Serial Console
The Relay Trainer has a serial console port. A USB to TTL serial cable
using either the Prolific or FTDI conversion chips may be used.
The Windows driver for Prolific PL2303-based cables can be found here.
The Windows driver for FTDI-based cables can be found here.
I've found that the combination of these drivers and Windows
(particularly 64-bit Windows-7) is somewhat buggy. If the you find that
your system hangs or that you get BSOD, try plugging the cable into a
different USB slot, or through a USB hub.
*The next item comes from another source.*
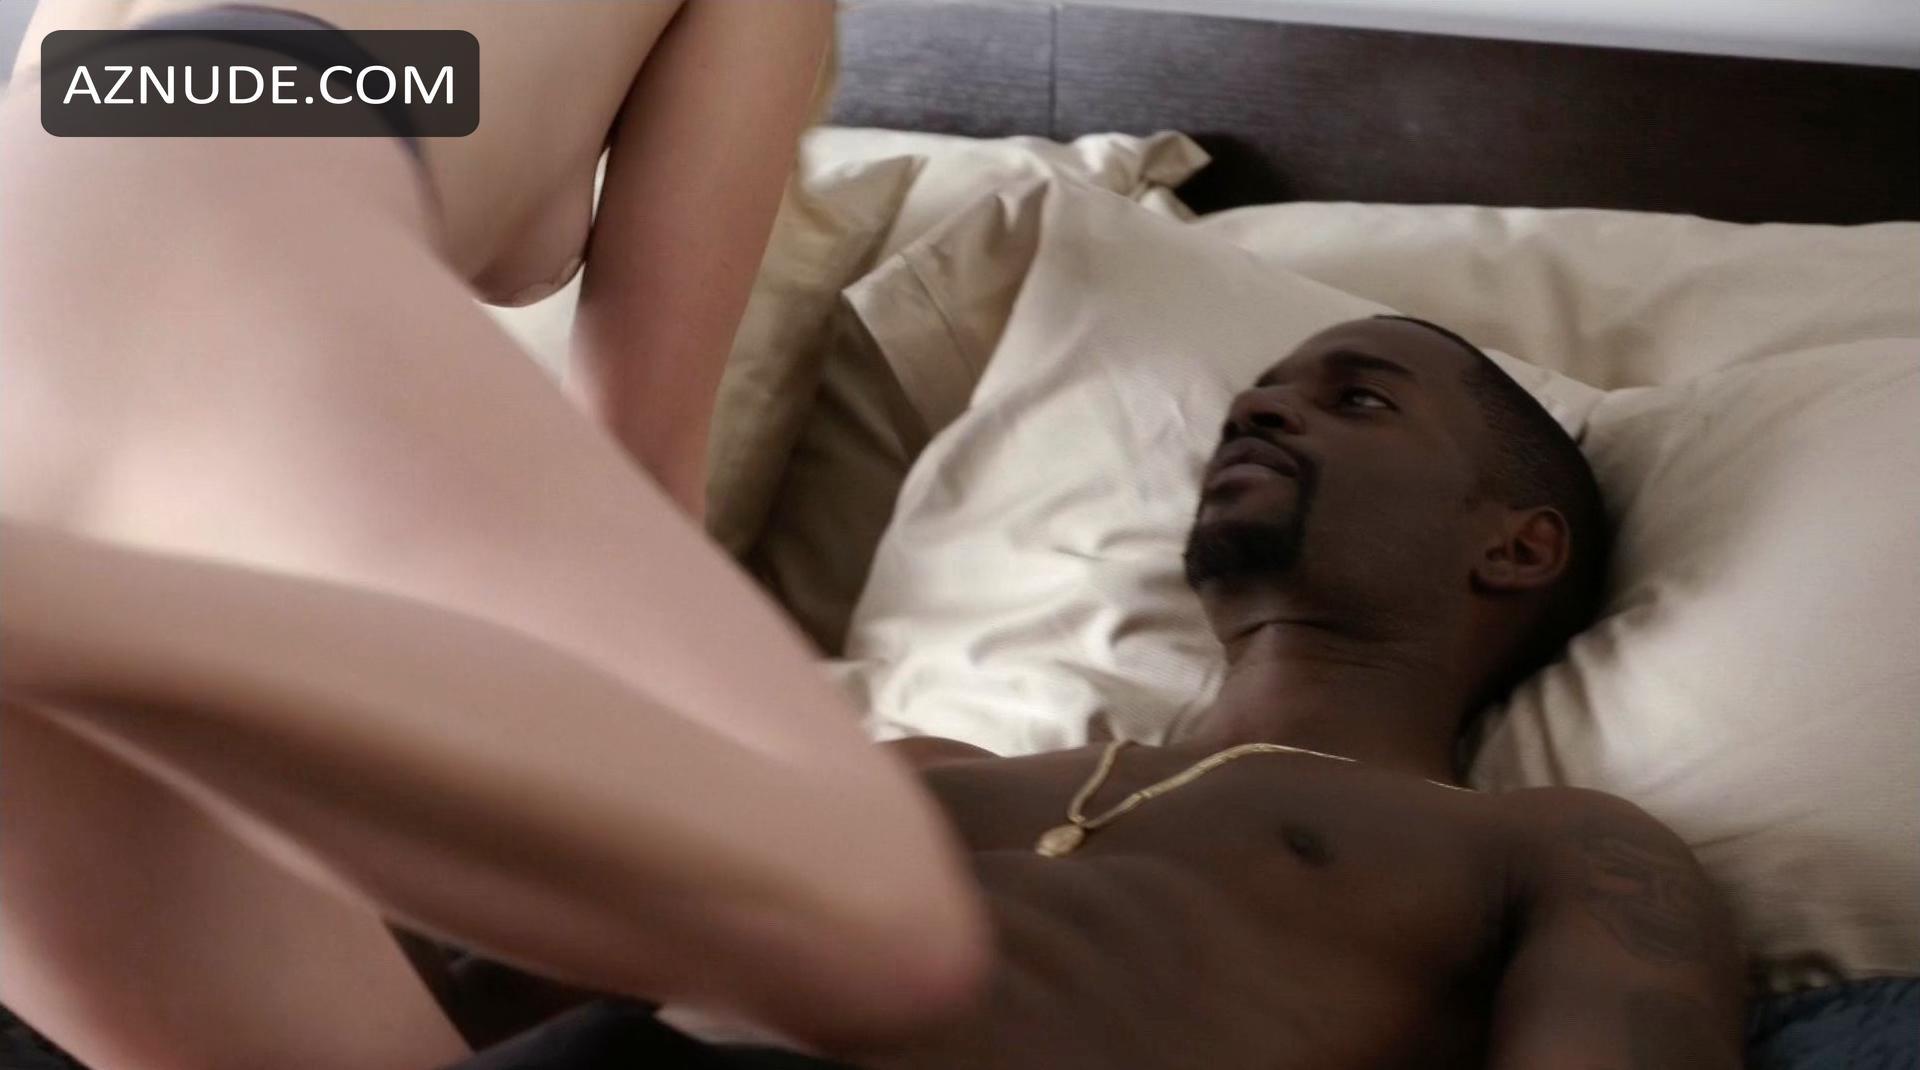 Cindy Ambuehl Nude Amazing molly mccook nude - aznude

I've generally not had problems
with the open-source drivers provided with Linux.
There are several styles of connectors available on these cables. This
is how to connect them to the relay computer:
I recommend that you use PuTTY
as the terminal emulator for Windows, or Minicom for Linux.
Unfortunately, PuTTY does not provide a drop-down list of available COM
ports, so you have to find the COM port for the USB to TTL serial conversion
cable by looking at Control Panel => Device Manager
Although the very first time you plug the USB to serial cable
into the machine you'll see a balloon tip with the COM port:
When you start PuTTY, its configuration screen is shown. Make sure
"Session" is selected on the left side, if you don't see this screen. It
should be configured as follows. Select "Serial" for connection type, then
type in the COM port of the USB to TTL serial cable and leave the BAUD rate
set at 9600.
Under serial settings (select on the left), select XON/XOFF flow control.
Finally click Open to start the terminal emulator.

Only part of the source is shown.